The distance constraint for removal is 3.5 Å or longer to any of the existing
atoms.
Partially occupied atoms will not be used for merge, their occupancy is
accounted for in removal. These atoms are used anyway as seeds (parent atoms) for the
new atom search.
mirbuild initialises the mirbuild mode. The pseudo protein set of
atoms will be placed into the input density map. The distance constraints are 1.1 to 1.8
Å between the atoms.
shakemodel light/allatoms initialises the shaking mode for
a shock-like modification of the current model. light indicates that only atoms
with atomic number 8 (oxygen) or lower will be treated. allatoms indicates
application to any atom in the model regardless of their type.
reflaver initialises the mode of weighted averaging
of structure factors obtained from multiple refinements of several slightly different
models. |
CELL |
Cell parameters a, b, c, alpha, beta, gamma in Å and degrees.
This keyword is optional for MODE update allatoms/waters and shakemodel
light/all atoms and is obligatory for MODE mirbuild.
|
SYMMetry |
The crystal symmetry. Can be given either as a space group name or number
(e.g. P212121 or 19). Obligatory for MODE update allatoms/waters,
mirbuild and shakemodel light/all atoms.
|
RESOlution |
Resolution of the X-ray data (Rmin, Rmax).
Obligatory for MODE update allatoms/waters, mirbuild and
reflaver.
|
FIND |
The addition of new sites in MODE update allatoms/waters.
After atoms you should give the number of atoms to add.
At the end of refinement (it may take 20 to 50 cycles) the model should contain all
atoms. The target number of atoms in the final
model can be estimated by multiplying the number of protein atoms by 1.2, the 20% extra
corresponds both to ordered water molecules and weaker, slightly disordered, ones which
are important for the pseudo
solvent continuum. The number of atoms allowed to be added in each cycle
depends on the resolution. A simple empirical guide is that the maximum number to add
is N X 0.08/d3,
where N is the current number of atoms and d is the highest resolution
in Å.
Thus at a resolution of 1.8 Å and a coordinate file of 2,000 atoms the
maximum number to be added is 27. New atoms will be automatically assigned a temperature
factor on the basis of the density height.

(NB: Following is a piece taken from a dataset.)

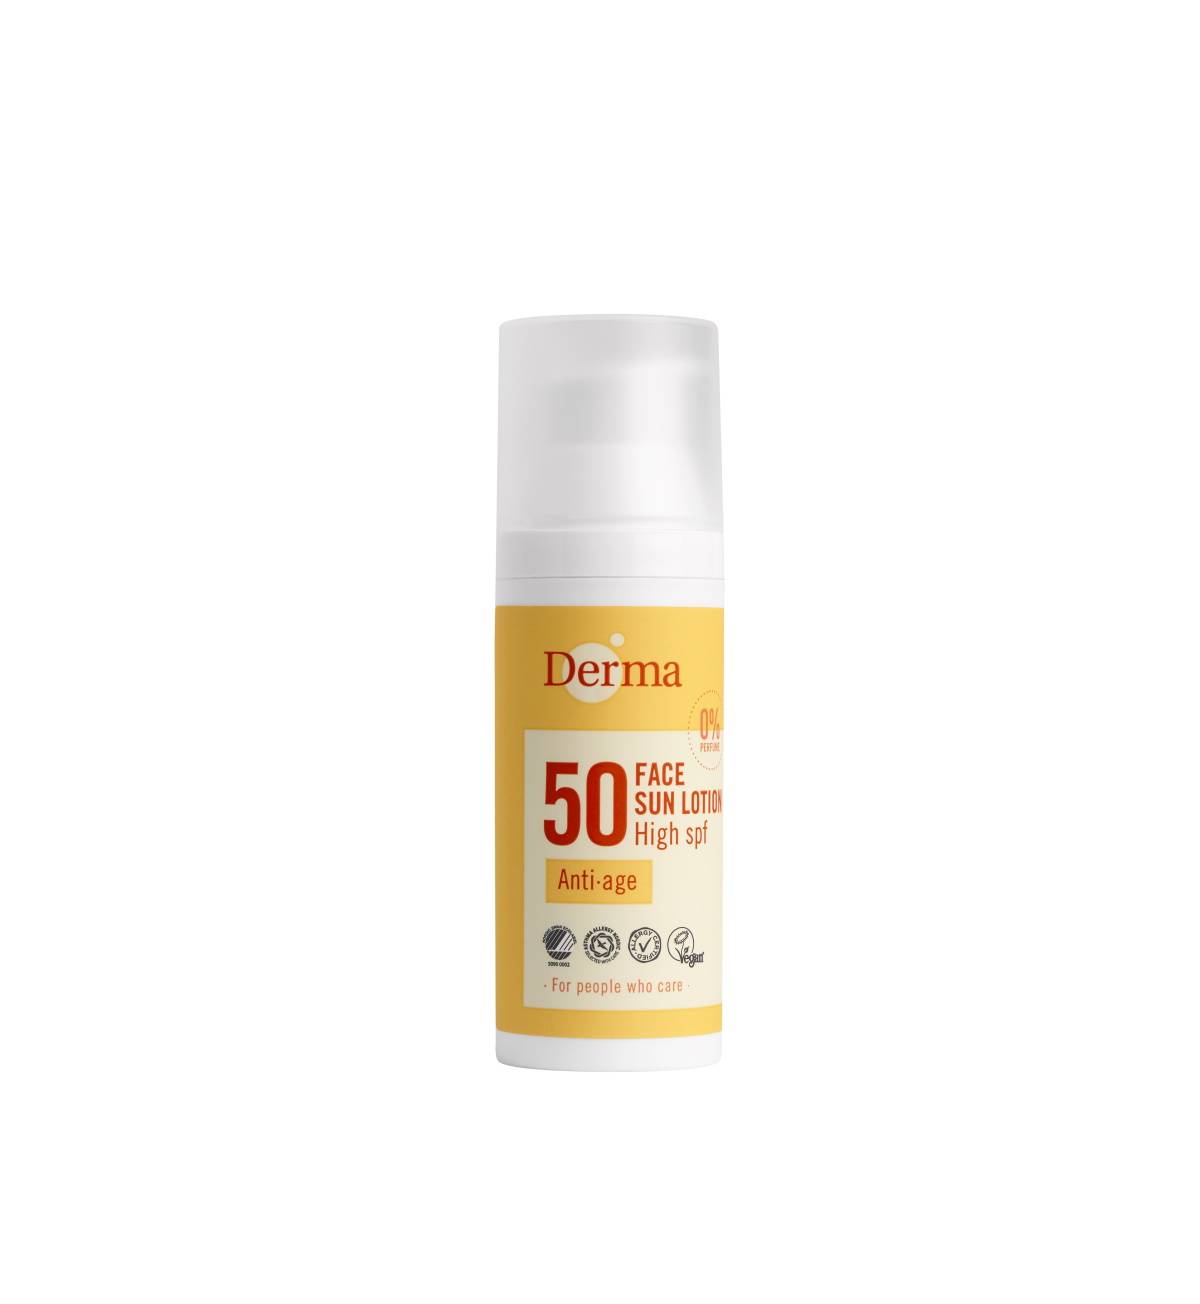 Kosmetyki duńskiej marki Derma Sun to ochrona przeciwsłoneczna dla skóry wrażliwej, alergicznej i dziecięcej.
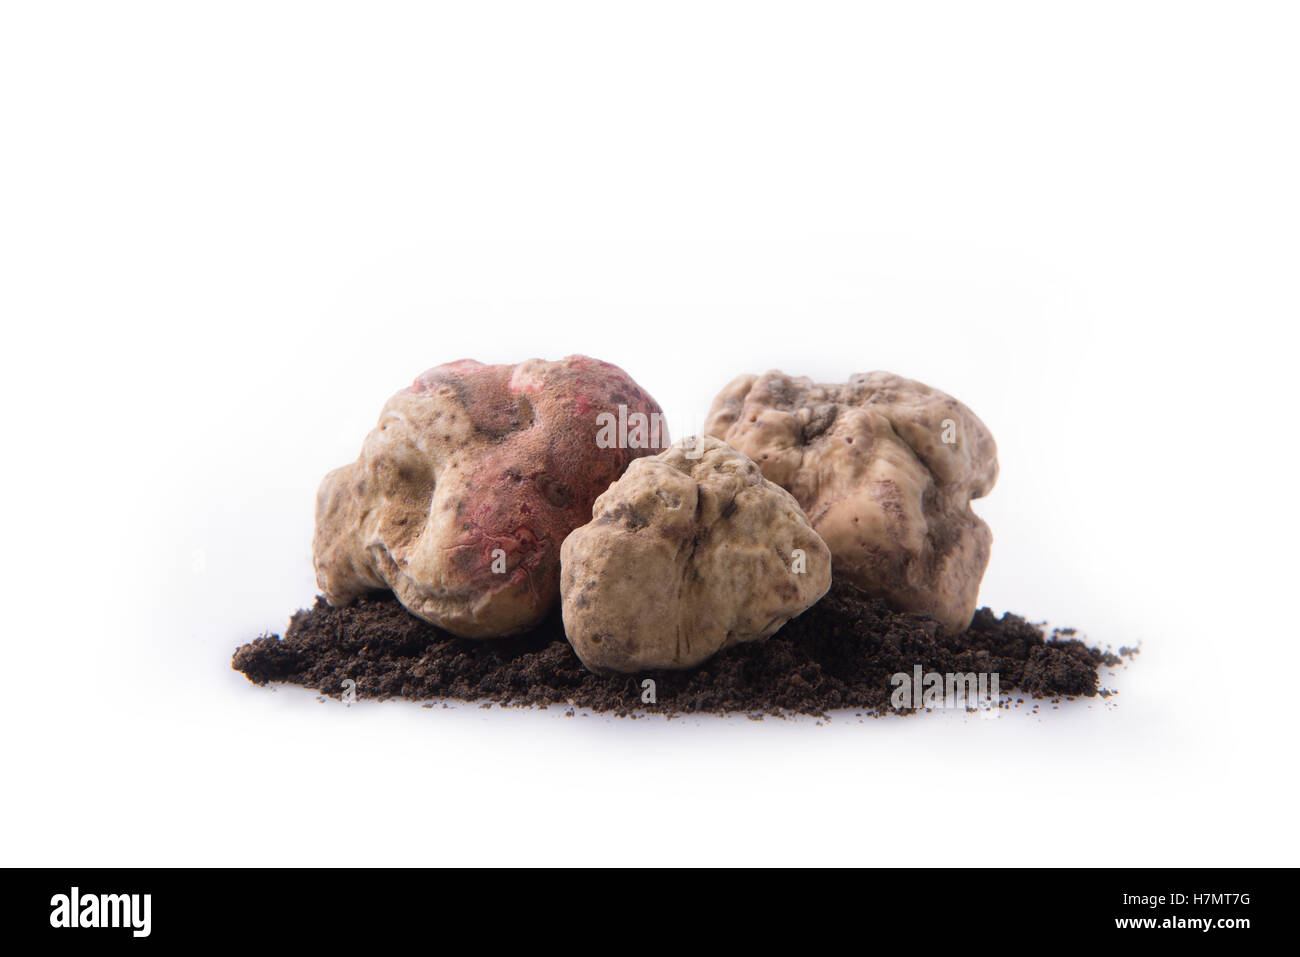 Alba white truffle tuber on isolated white background Stock Photo

The string after chain is the chain identifier for new atoms.
All new atoms will have this chain identifier and be numbered sequentially.
The subkeyword after cutsigma can be either the number or auto. The number
is a MAPIN2 density cutoff. Atoms will be looked for in density above cutsigma
times r.m.s. density.
A value of 3 to 4 is typical. The statistically significant density threshold can be
defined automatically if auto is used. This can be used for MODE
update waters as
it prevents too many extra atoms being added. However it may not work satisfactorily
if the resolution is lower than 1.5 Å or the model is too far from being
finally refined.
|
REMOve |
Removal of atoms in MODE update allatoms/waters. The removal
of atoms influences the success of refinement to a much greater extent than addition
of new atoms and should certainly be used.
The number after atoms is the maximum number of atoms to reject at each cycle.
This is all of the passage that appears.